Your copy of the listing should be exact and should contain no pictures.
Dataset content START
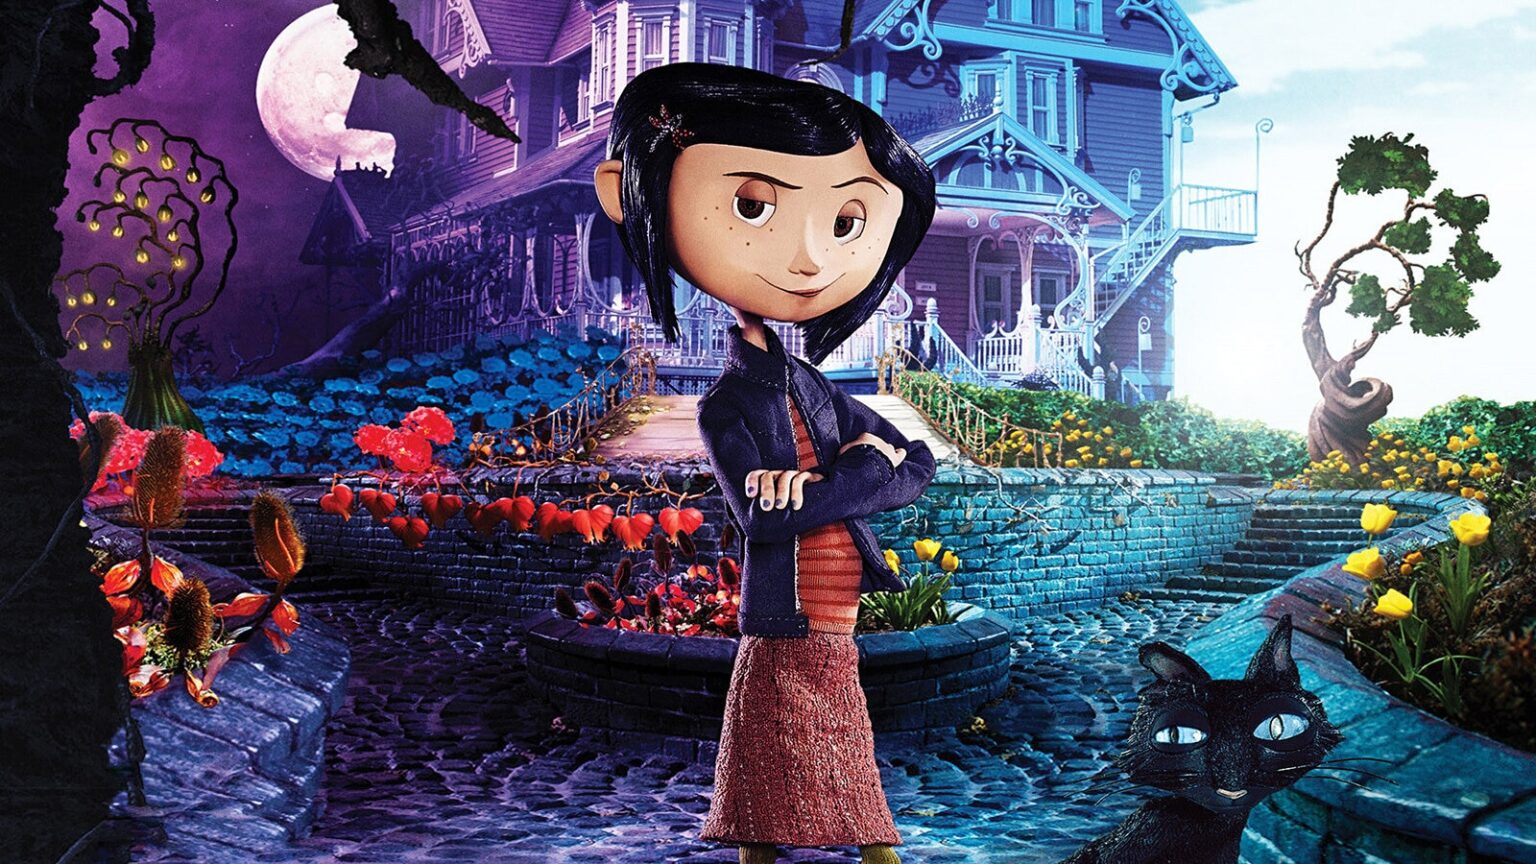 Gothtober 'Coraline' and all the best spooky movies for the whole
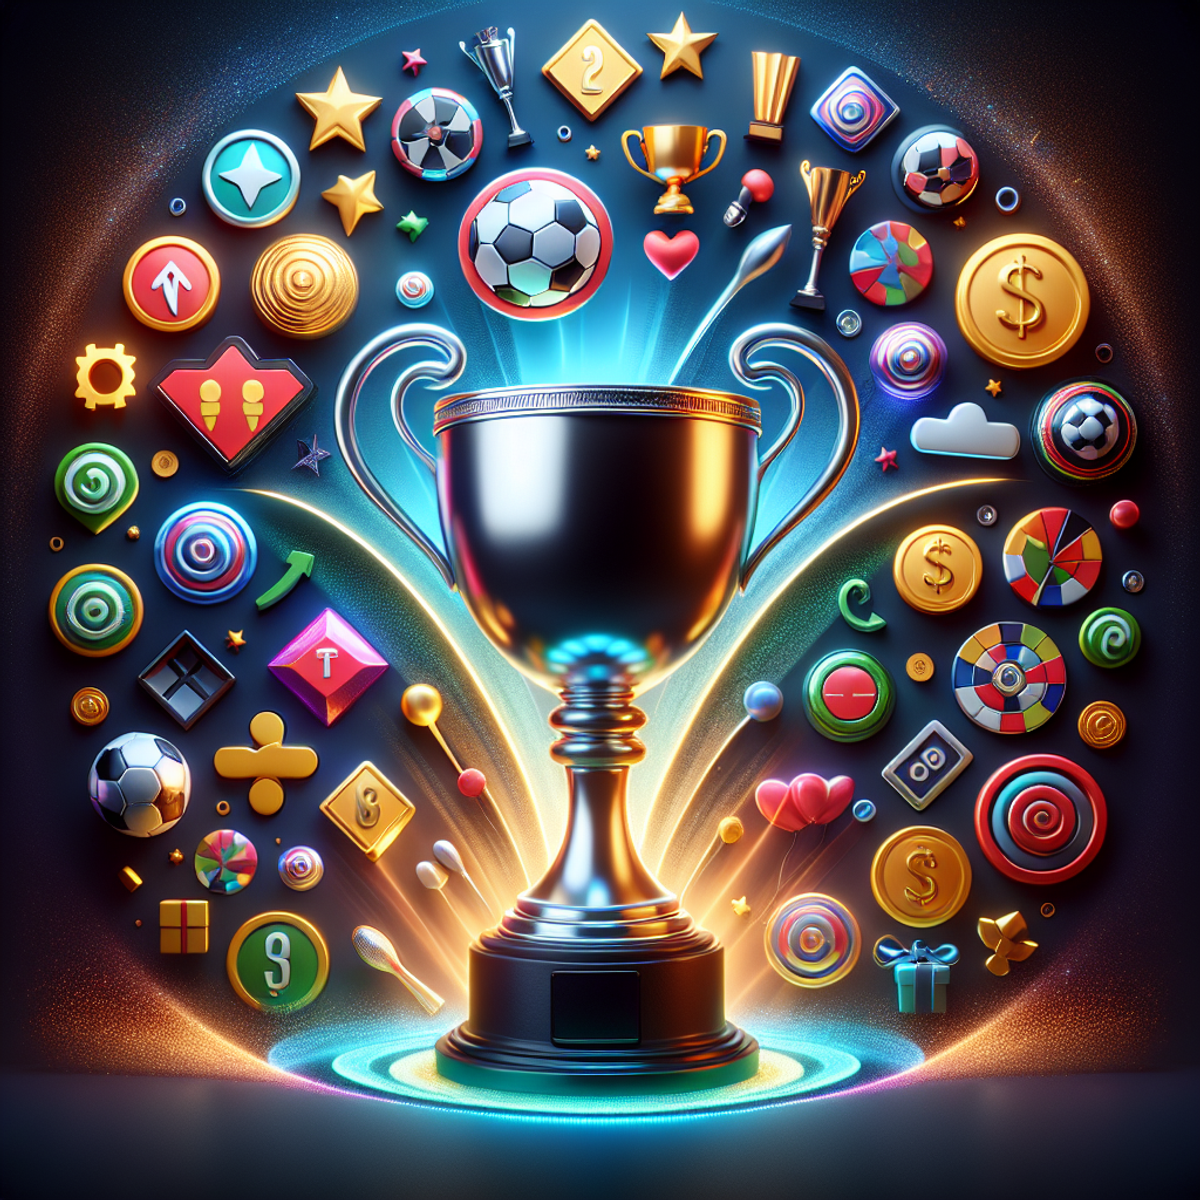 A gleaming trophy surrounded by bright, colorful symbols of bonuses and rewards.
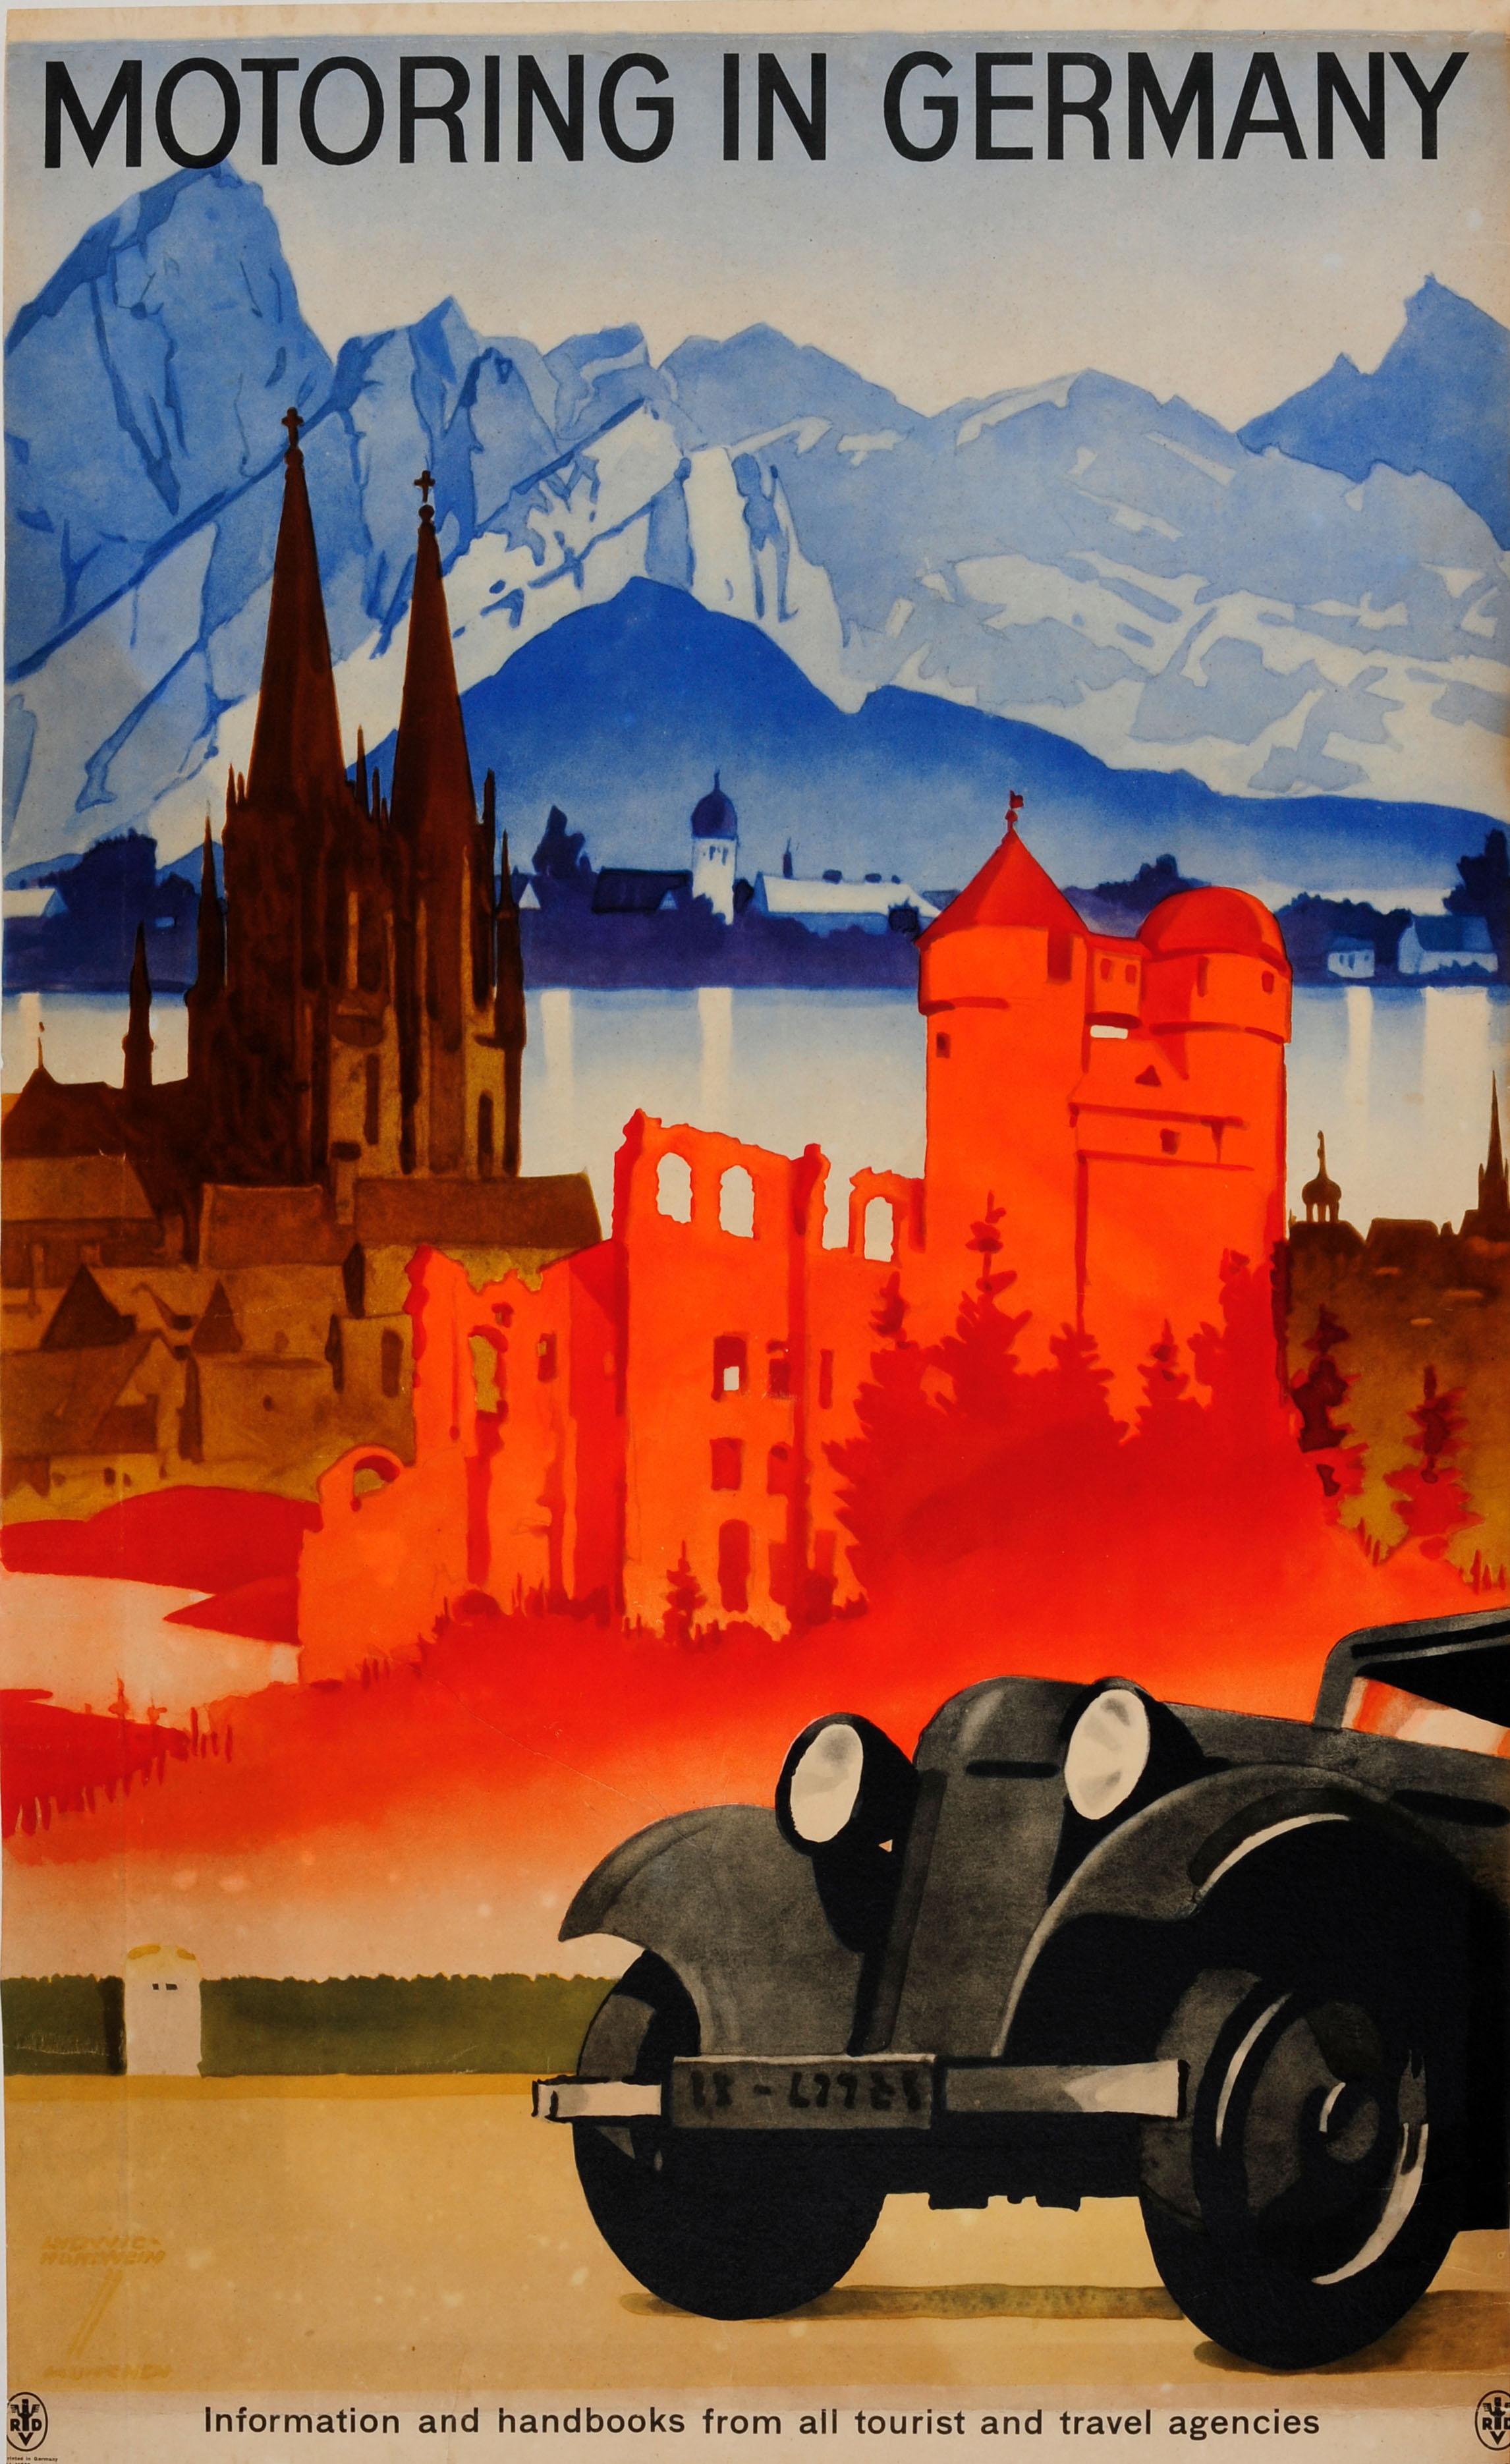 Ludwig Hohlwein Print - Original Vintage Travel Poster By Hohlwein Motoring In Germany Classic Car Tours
Dataset content END
• **Answer to this task**:
 Gothtober 'Coraline' and all the best spooky movies for the whole
 A gleaming trophy surrounded by bright, colorful symbols of bonuses and rewards.
 Ludwig Hohlwein Print - Original Vintage Travel Poster By Hohlwein Motoring In Germany Classic Car Tours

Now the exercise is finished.